• Task prompt
Without the pictures, copy all of the data exactly.

• Raw data
======

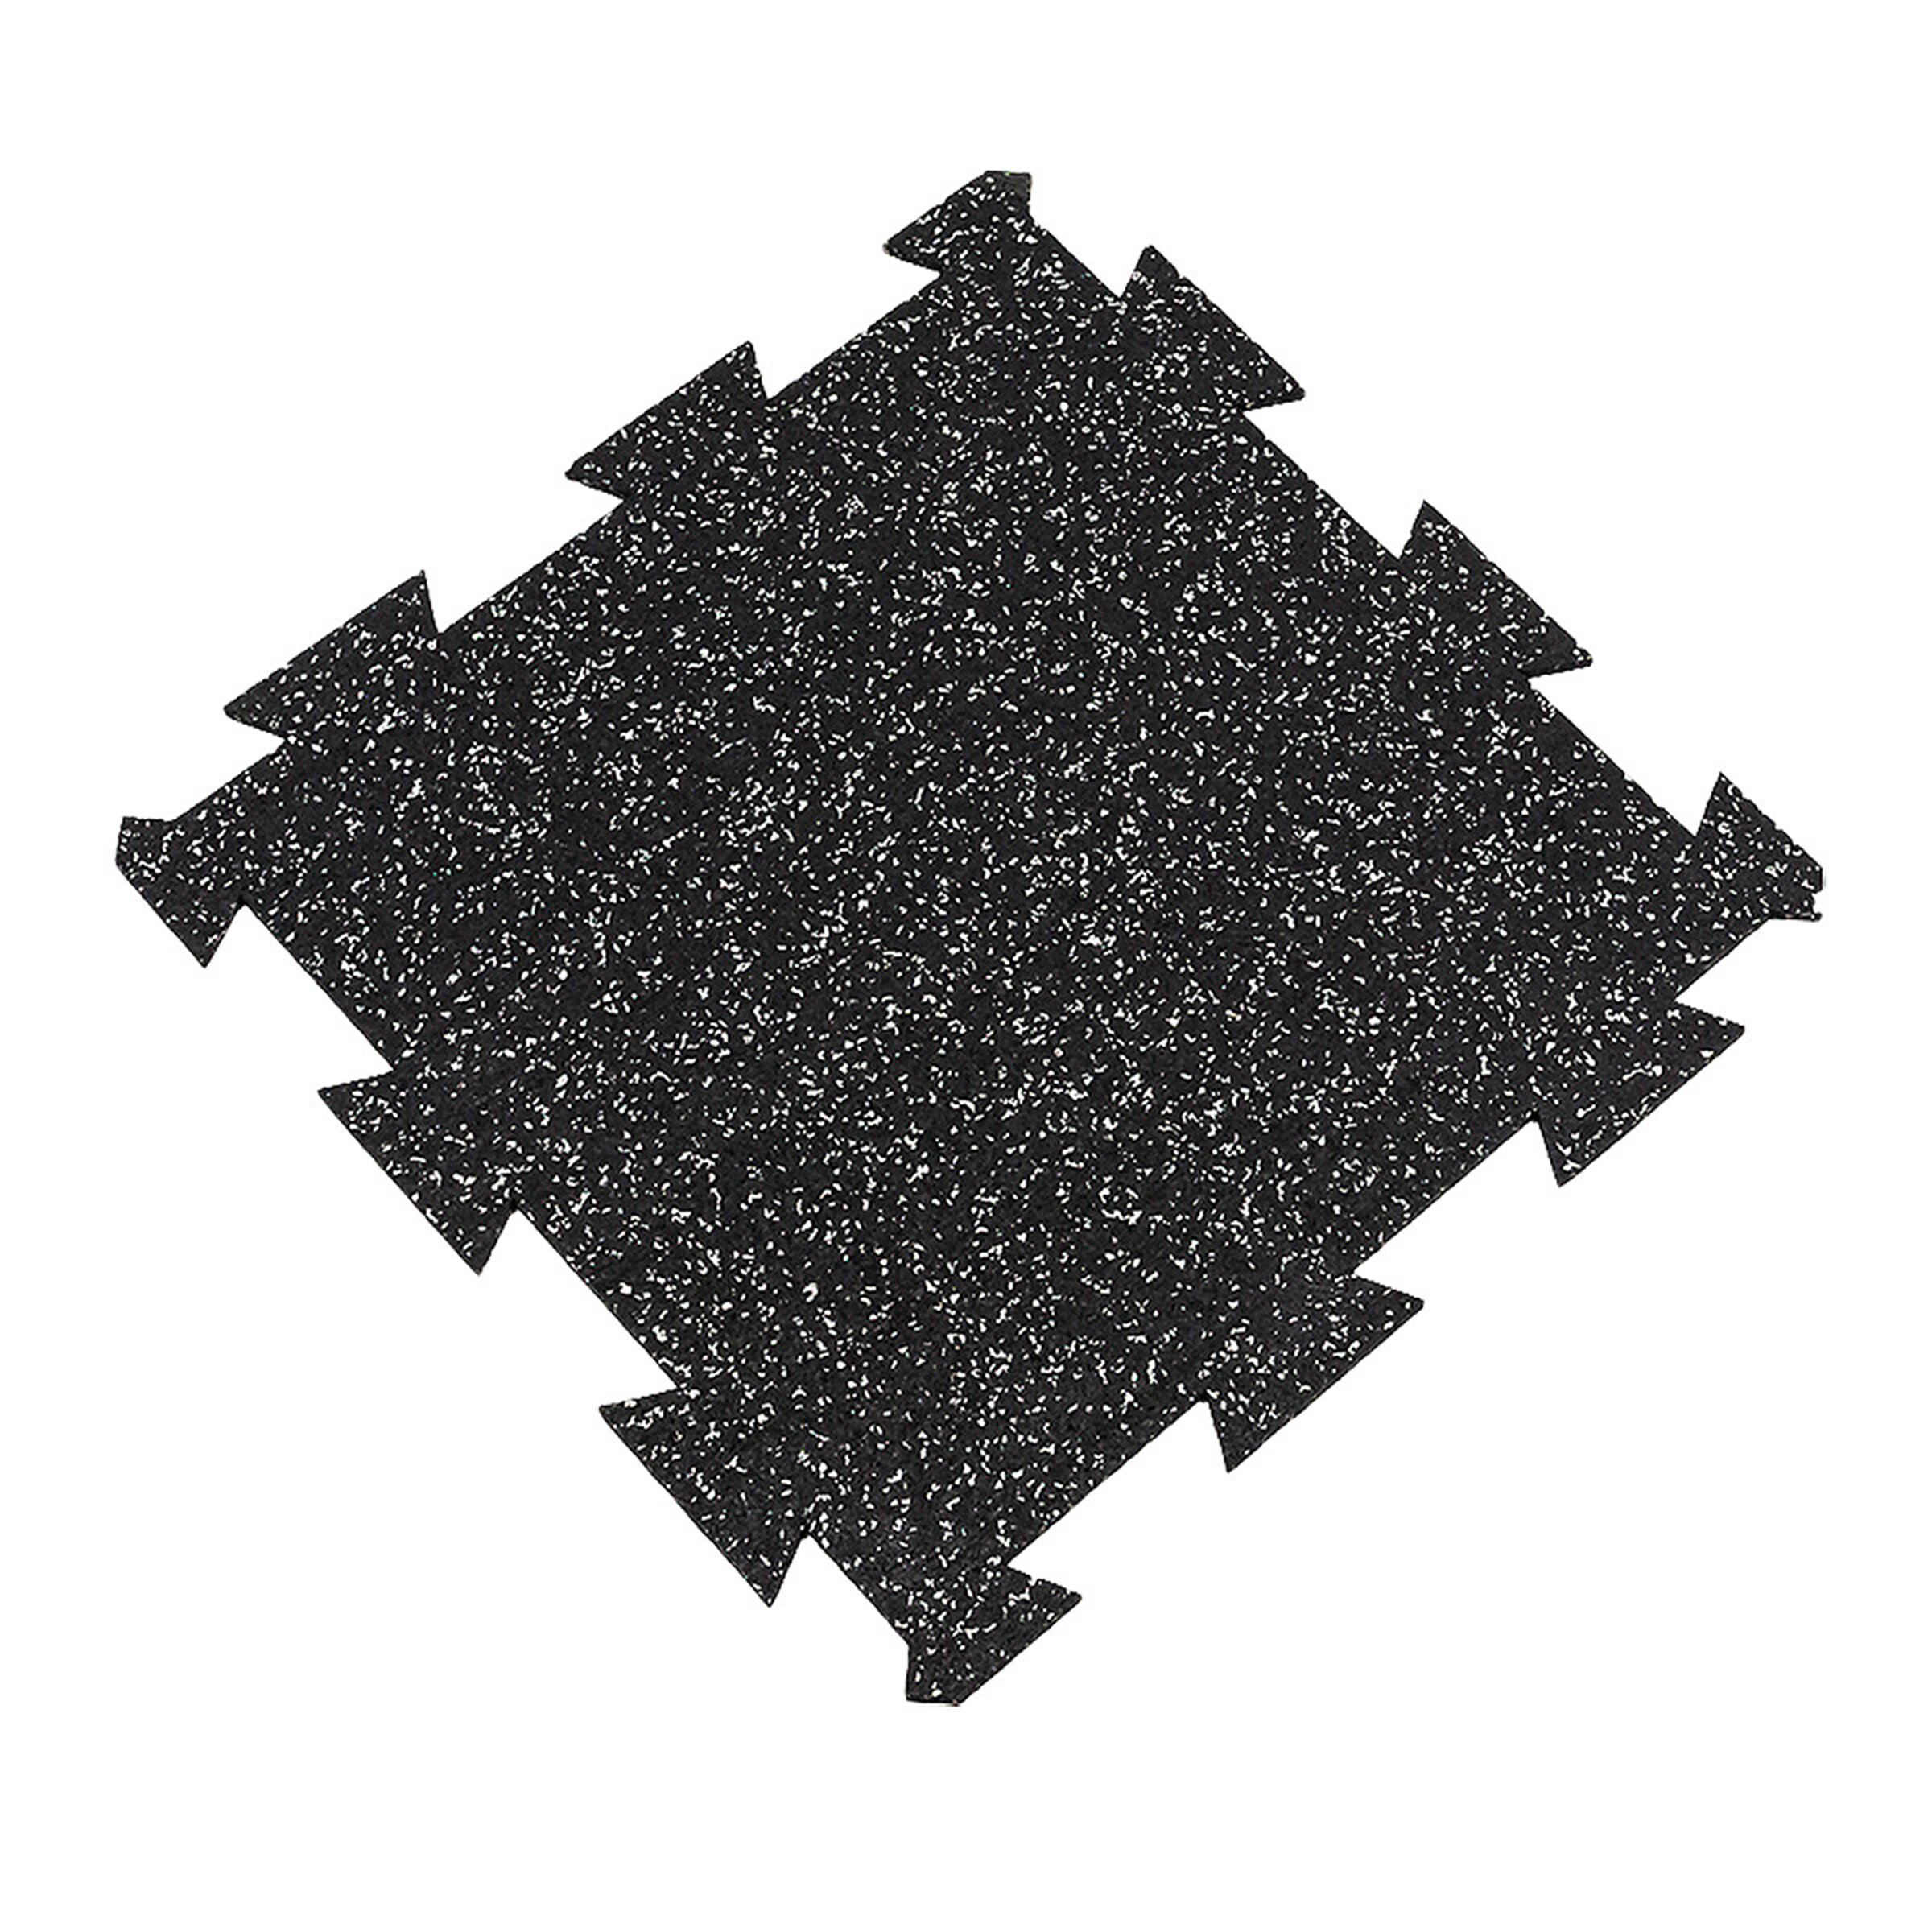 Černo-bílá gumová modulová puzzle dlažba (střed) FLOMA FitFlo SF1050 - délka 50 cm, šířka 50 cm, výška 1,6 cm
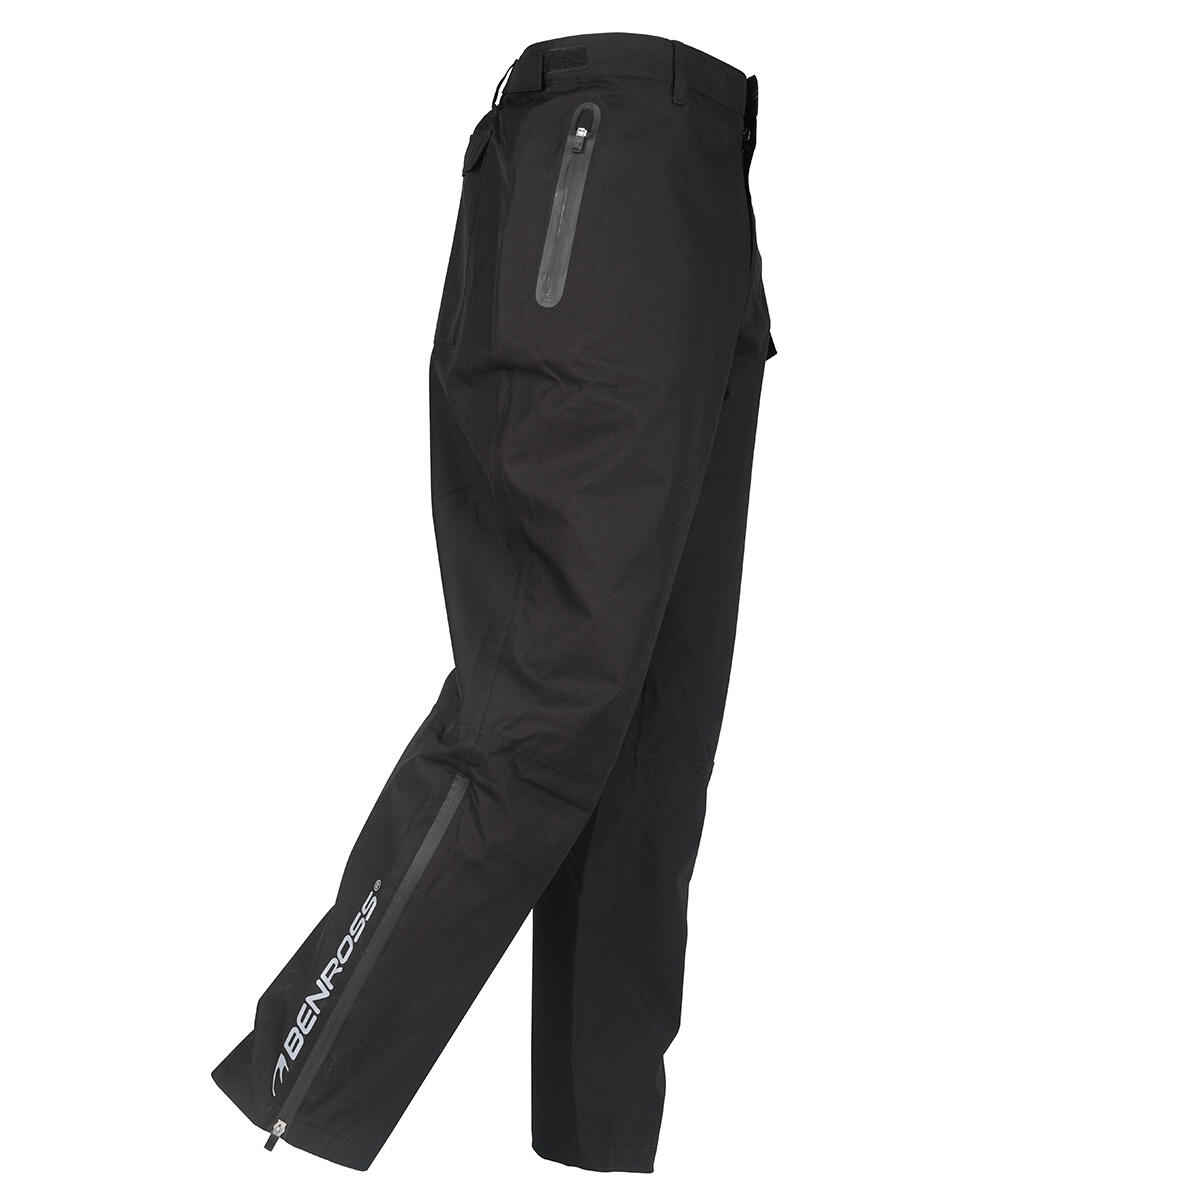 Benross Men's Hydrp Pro X Waterproof Golf Trousers 1/4
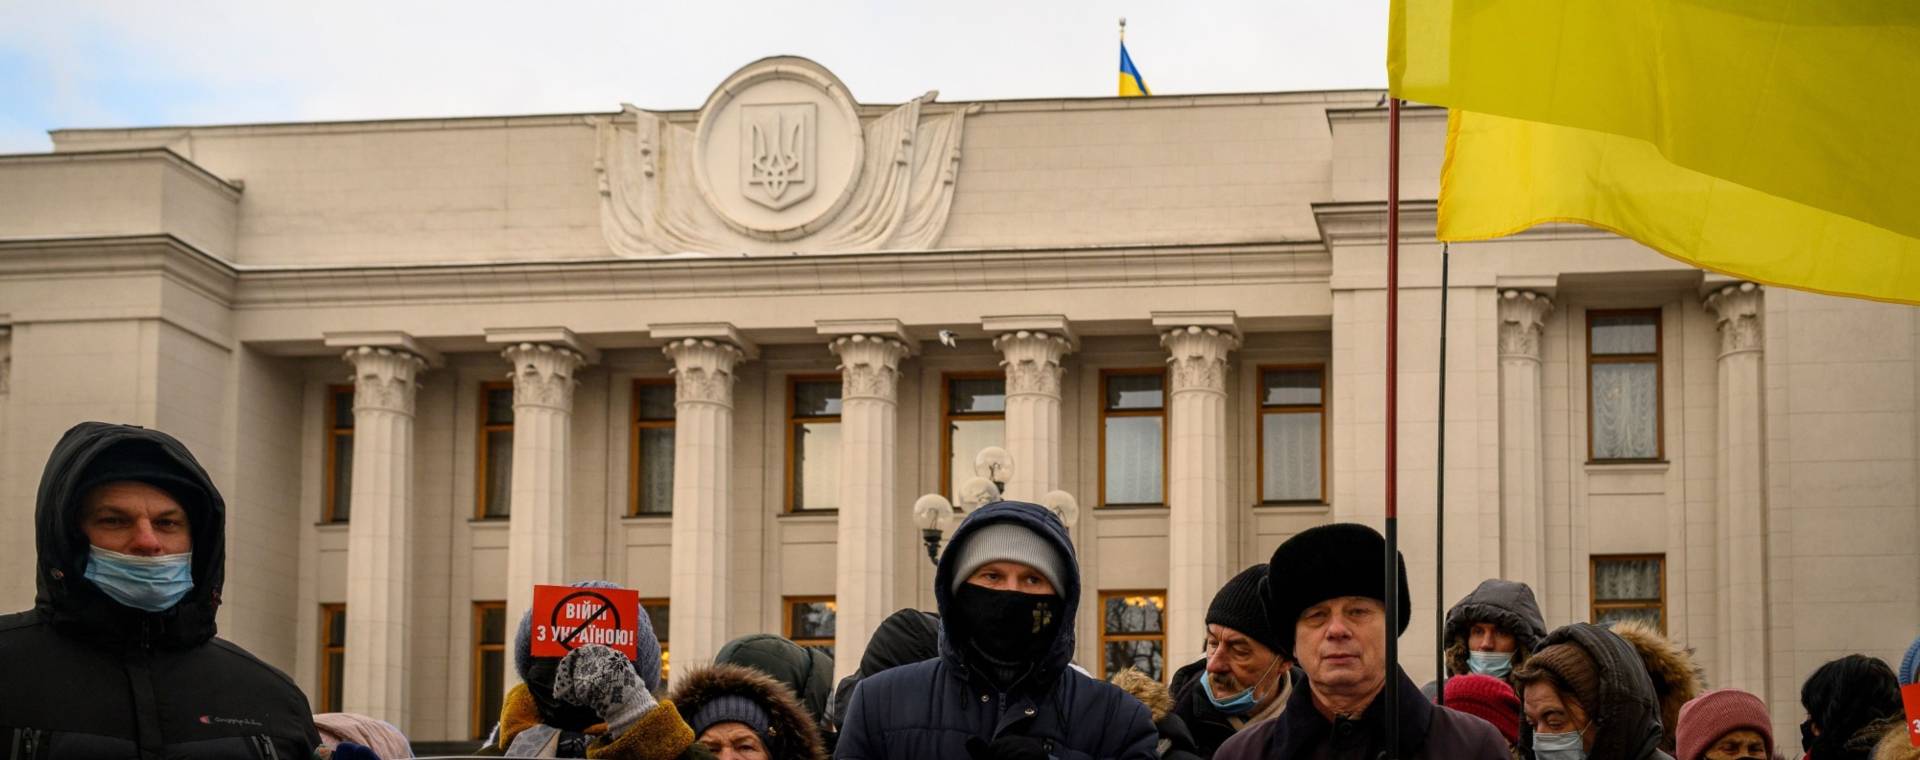 Para demonstran dari kelompok antipeperangan dengan Rusia berada di luar gedung parlemen nasional Ukraina, juga dikenal sebagai Rada Verkhova, di Kyiv, Ukraina.  - Bloomberg

======

• Solution below
 Černo-bílá gumová modulová puzzle dlažba (střed) FLOMA FitFlo SF1050 - délka 50 cm, šířka 50 cm, výška 1,6 cm
 Benross Men's Hydrp Pro X Waterproof Golf Trousers 1/4
 Para demonstran dari kelompok antipeperangan dengan Rusia berada di luar gedung parlemen nasional Ukraina, juga dikenal sebagai Rada Verkhova, di Kyiv, Ukraina.  - Bloomberg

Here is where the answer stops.